## EXERCISE
Go through the listing below and retype exactly the lines starting at the one with "Sebring International Raceway (Raceday)" and ending at the one with "Ensalada de brócoli", skipping pictures.

## TASK MATERIAL
- Opening Delimiter -

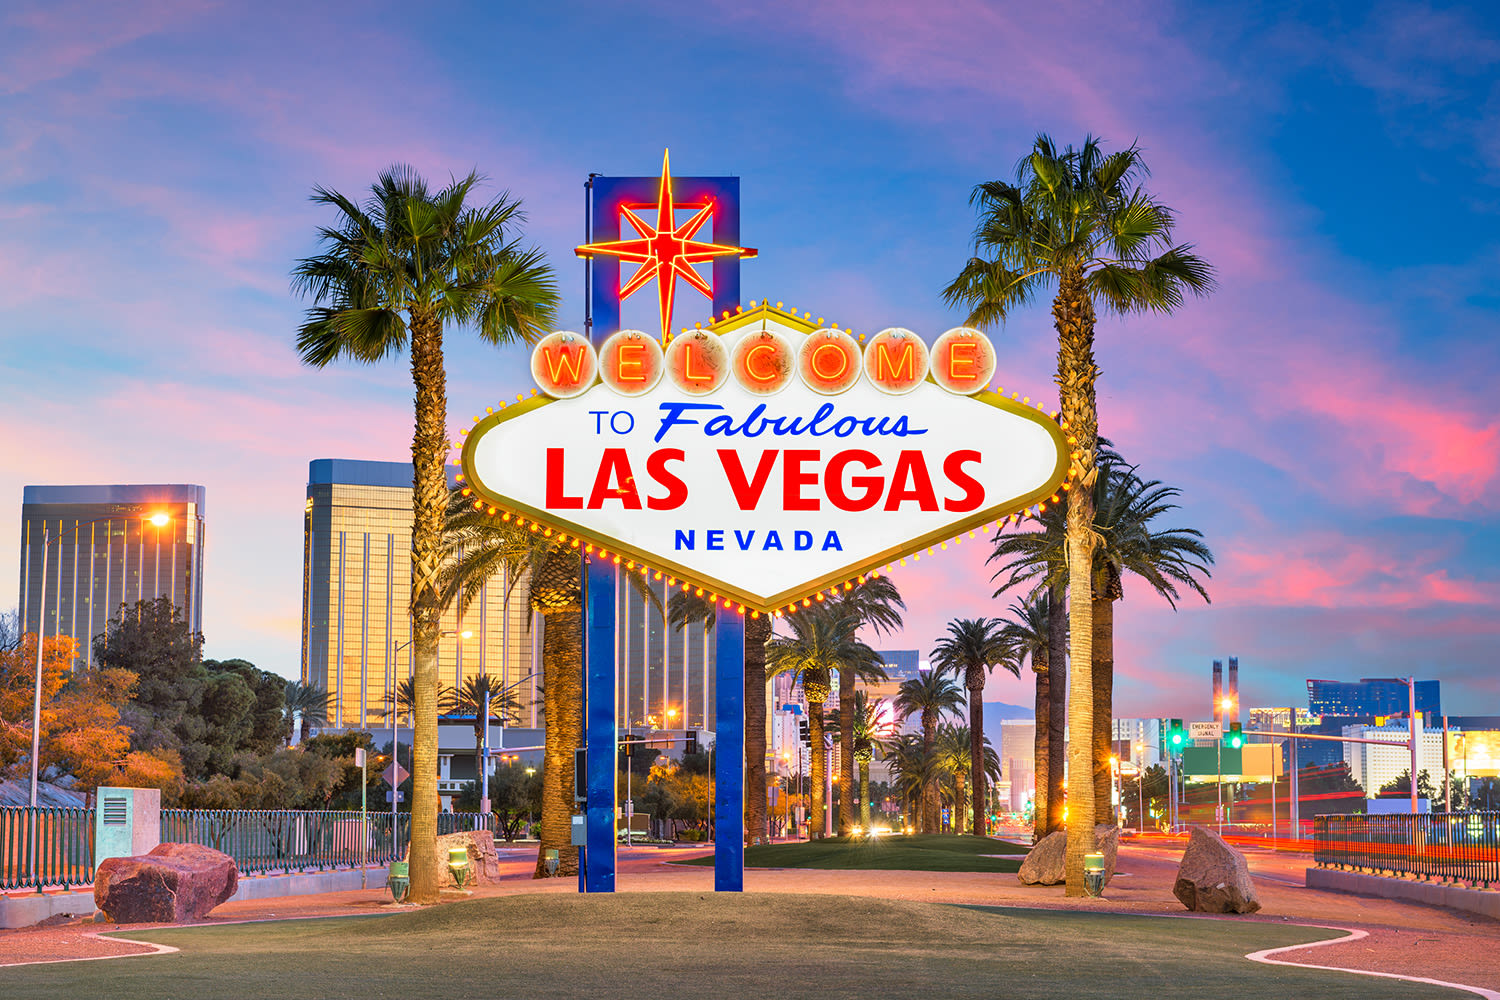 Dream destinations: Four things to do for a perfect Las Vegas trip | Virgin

- Closing Delimiter -
- Opening Delimiter -

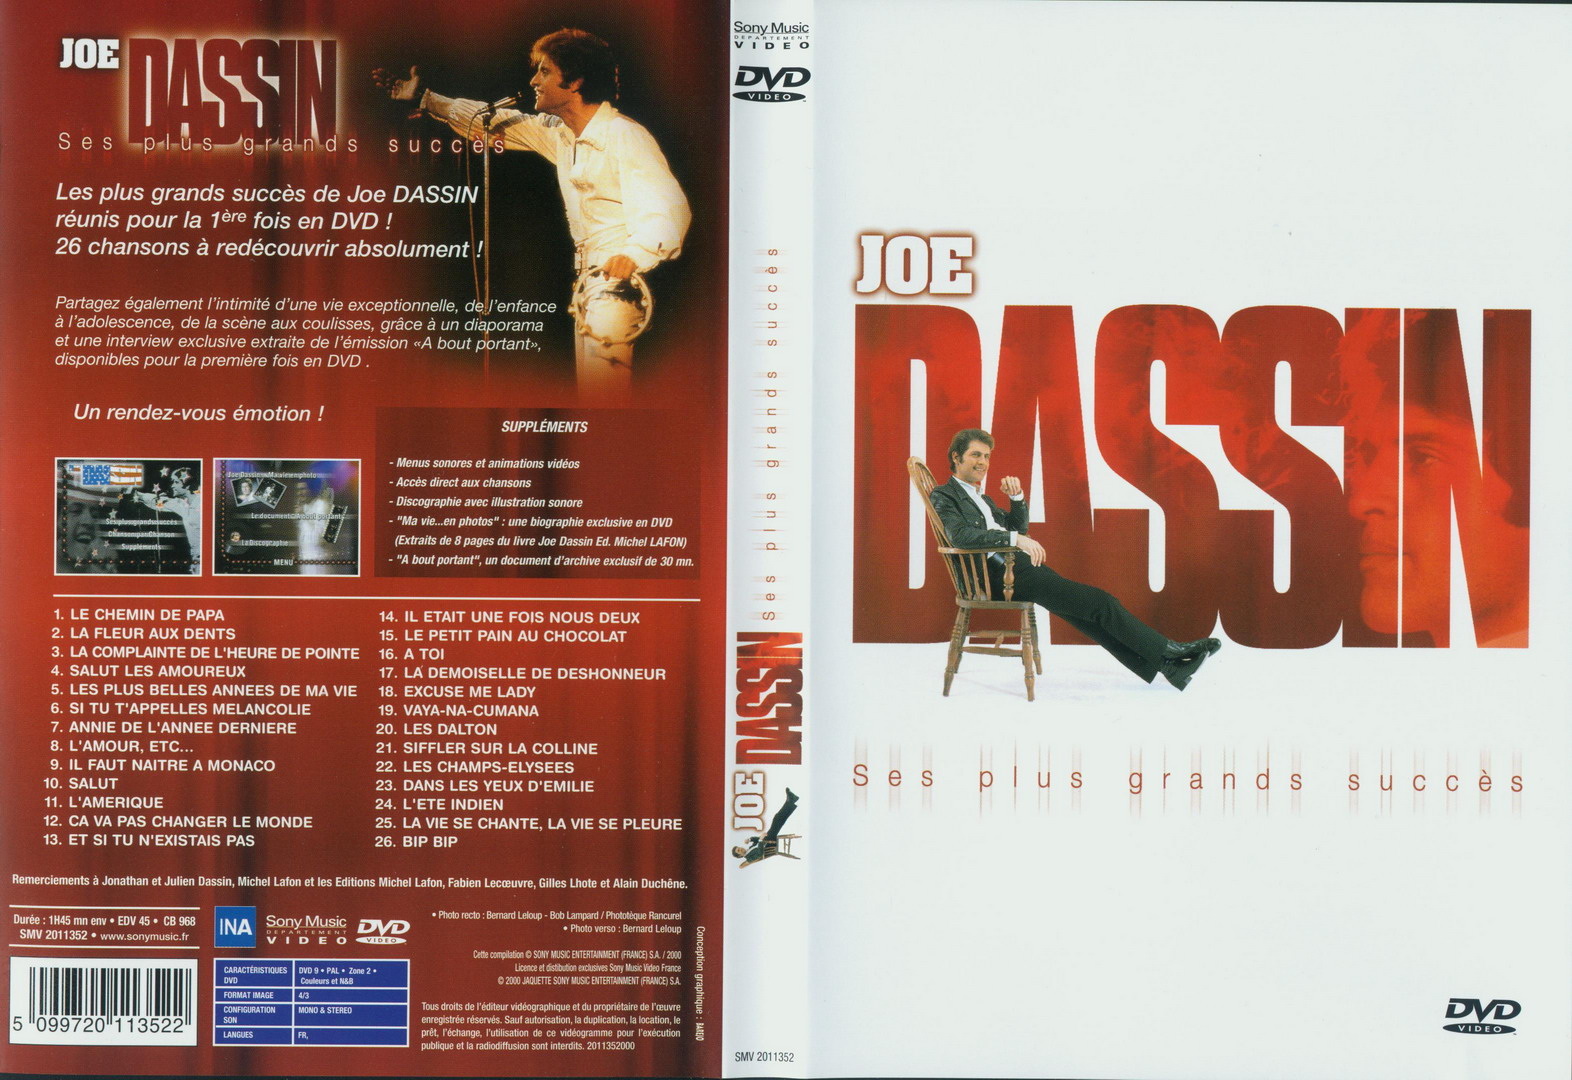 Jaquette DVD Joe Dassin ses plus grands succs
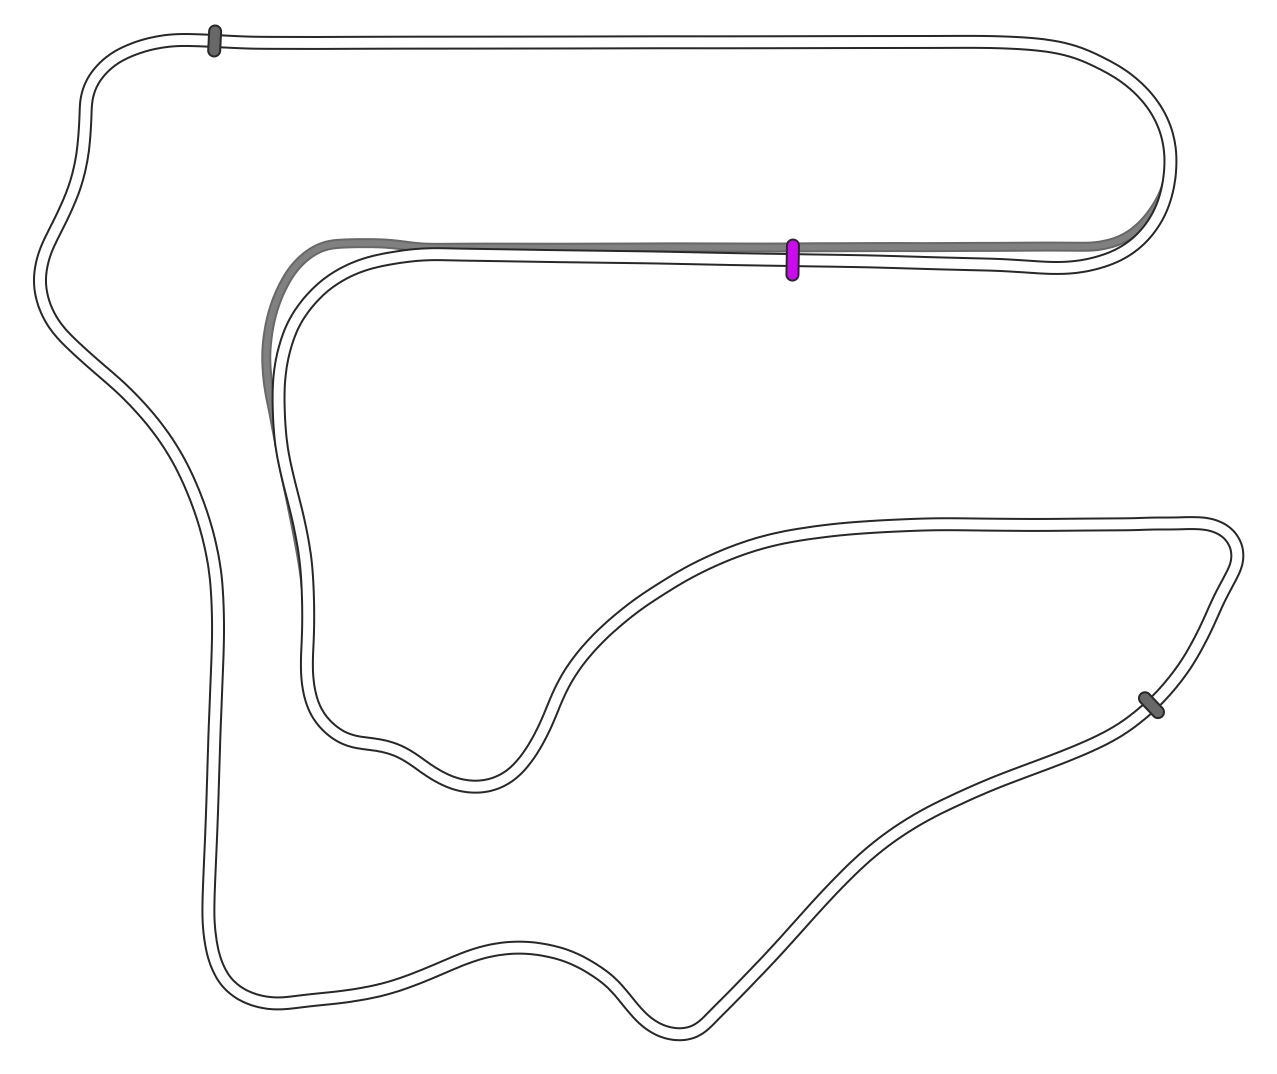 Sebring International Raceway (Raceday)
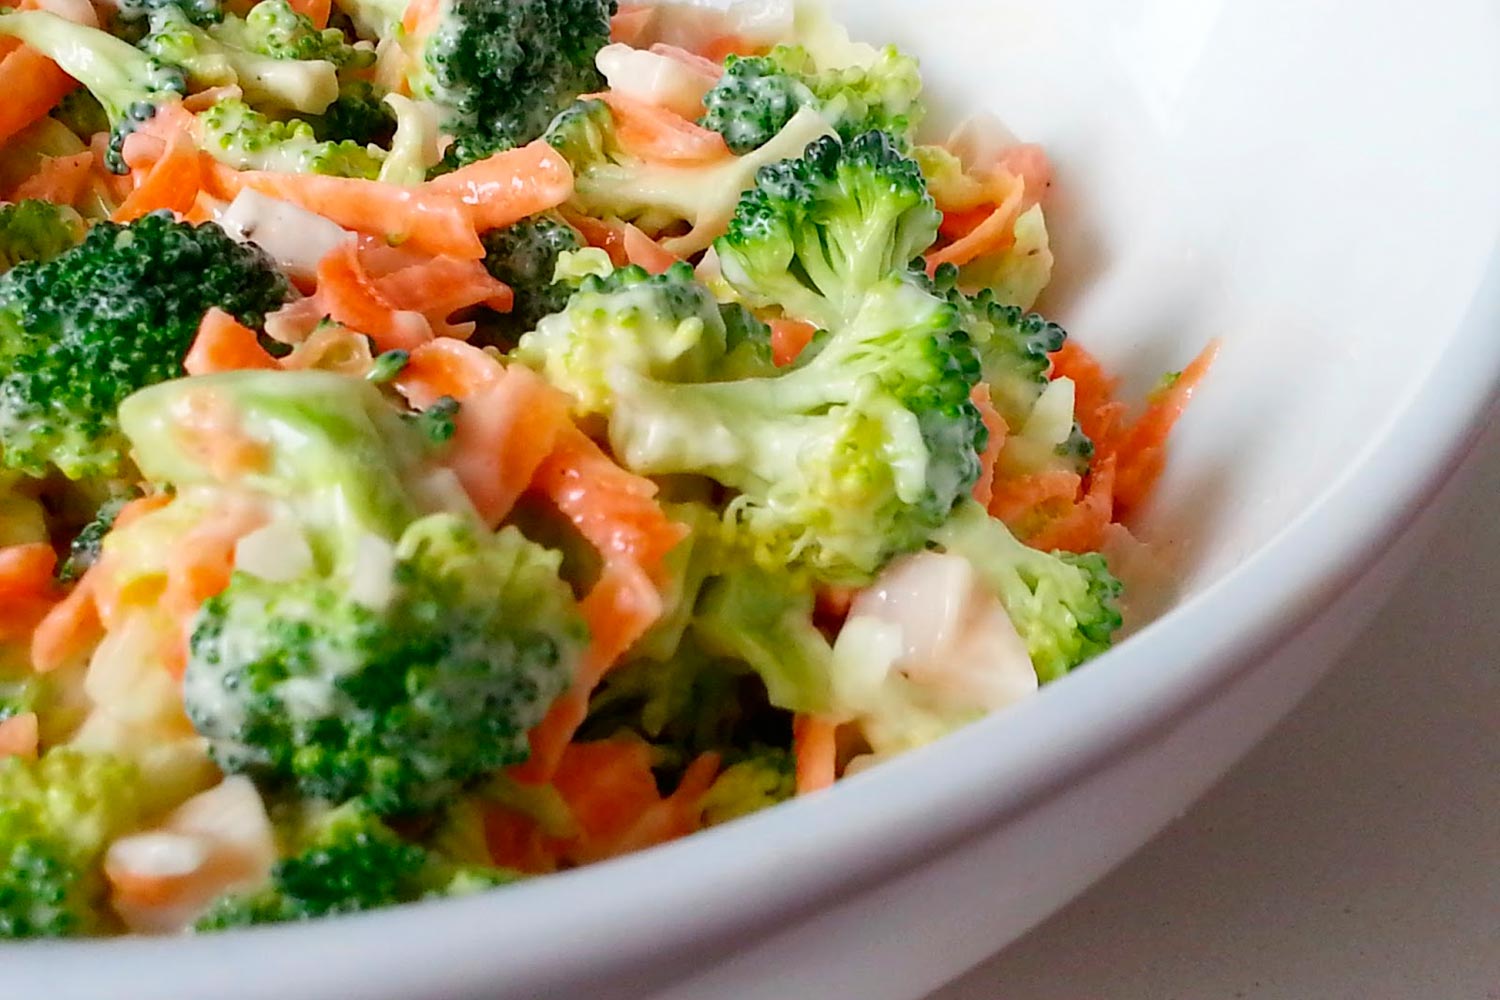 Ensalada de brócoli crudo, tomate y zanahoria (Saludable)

- Closing Delimiter -
- Opening Delimiter -

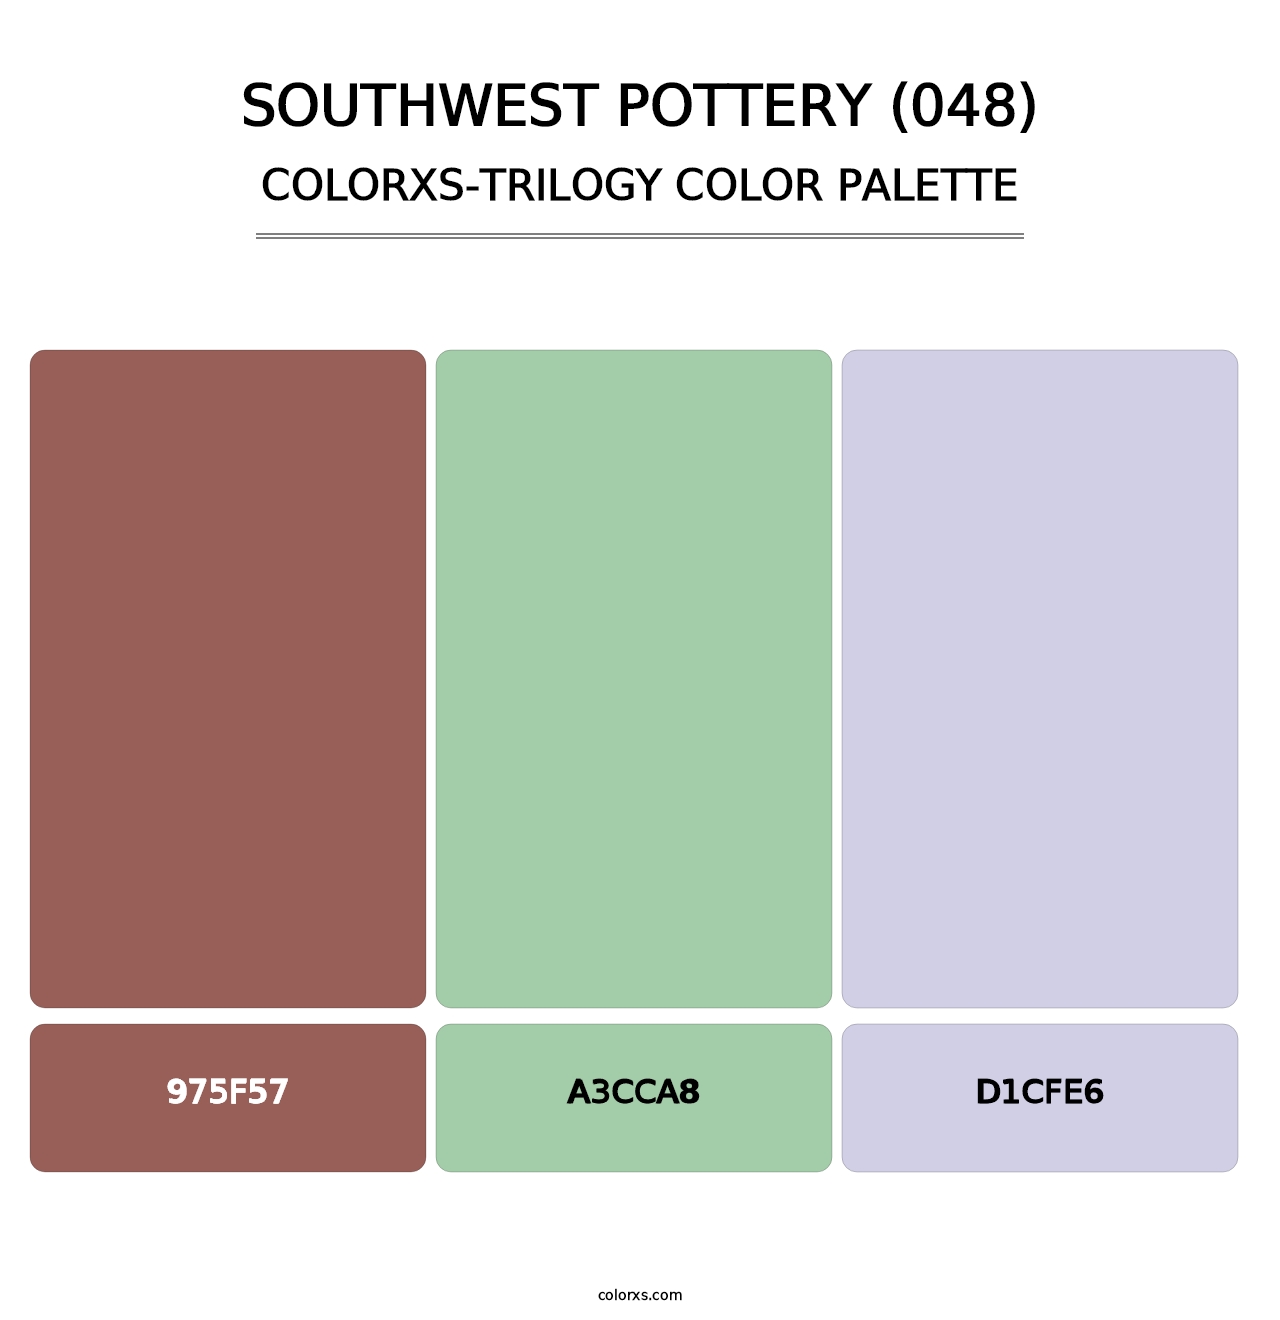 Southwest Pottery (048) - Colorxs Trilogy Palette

- Closing Delimiter -

## RESULT OF THIS TASK
 Sebring International Raceway (Raceday)
 Ensalada de brócoli crudo, tomate y zanahoria (Saludable)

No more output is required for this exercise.